Given data:
————

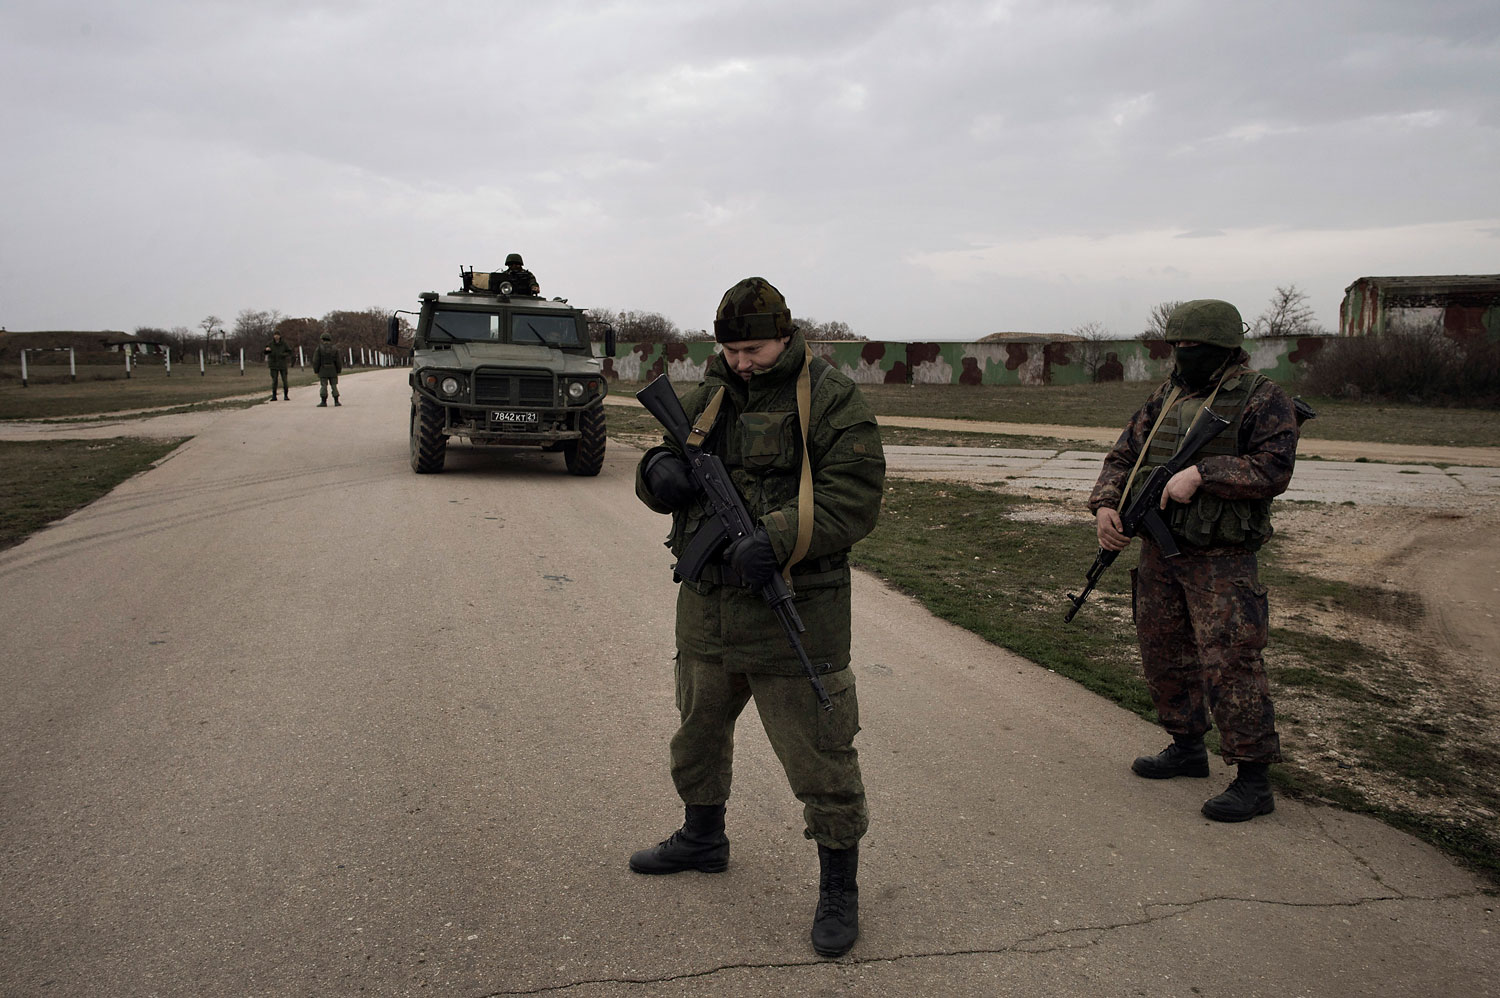 Russian soldiers at the contested Belbek airfield in Crimea on March 4, 2014 (Yuri Kozyrev—NOOR for TIME)
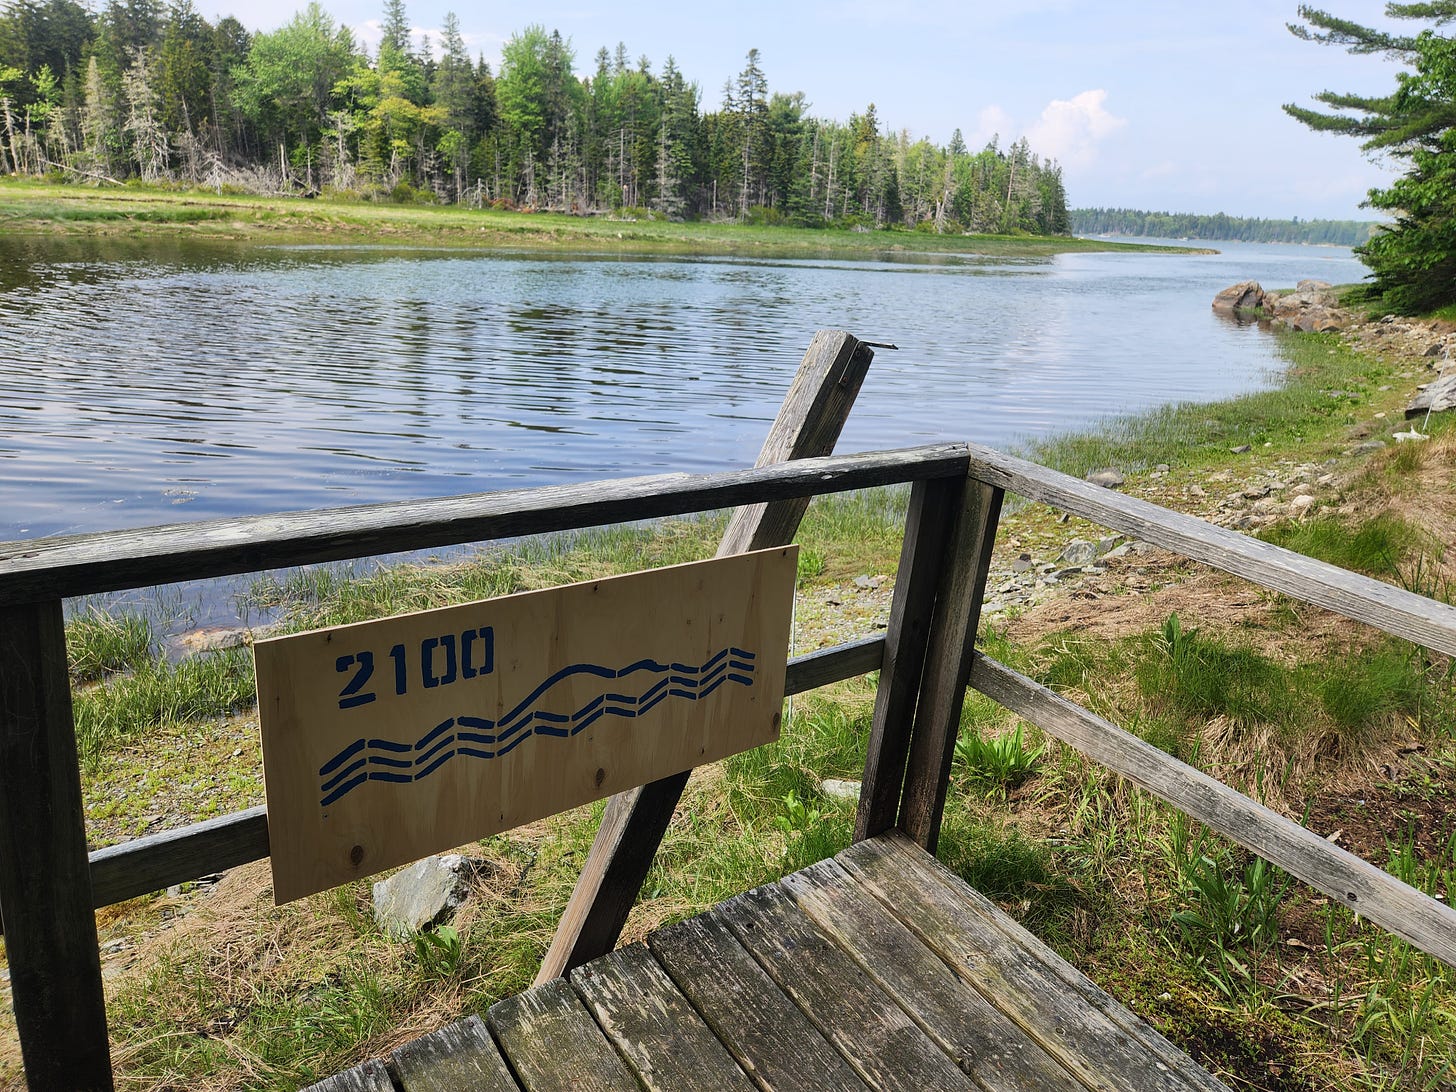 At the edge of a tidal river, a stenciled plywood sign says “2100” and shows three wavy horizonal lines, with the top line bowed upwards. The sign is installed on the railing at the end of a weathered wooden boardwalk overlooking the river.
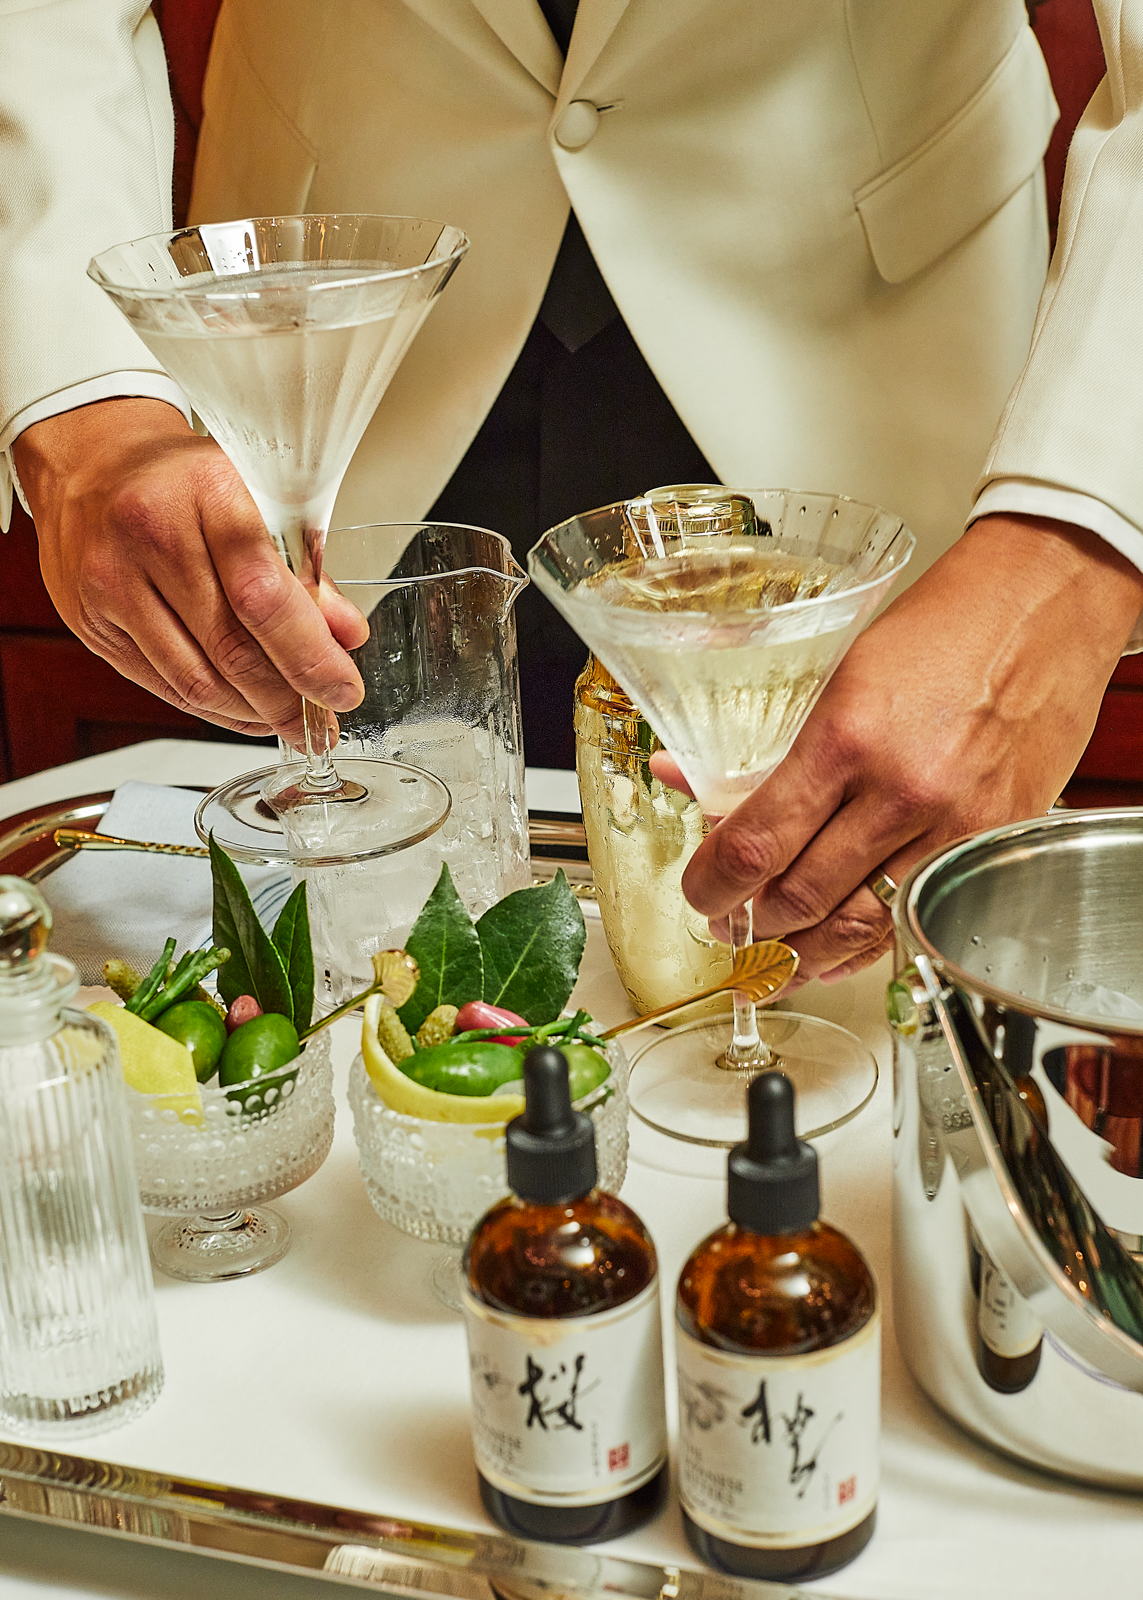 A waiter sets the table with cocktail glasses and welcome dishes for the guests.

————

Copy exactly, please, the lines that run from the line holding "At the edge" through the closing line of the material above, omitting every picture.

 At the edge of a tidal river, a stenciled plywood sign says “2100” and shows three wavy horizonal lines, with the top line bowed upwards. The sign is installed on the railing at the end of a weathered wooden boardwalk overlooking the river.
 A waiter sets the table with cocktail glasses and welcome dishes for the guests.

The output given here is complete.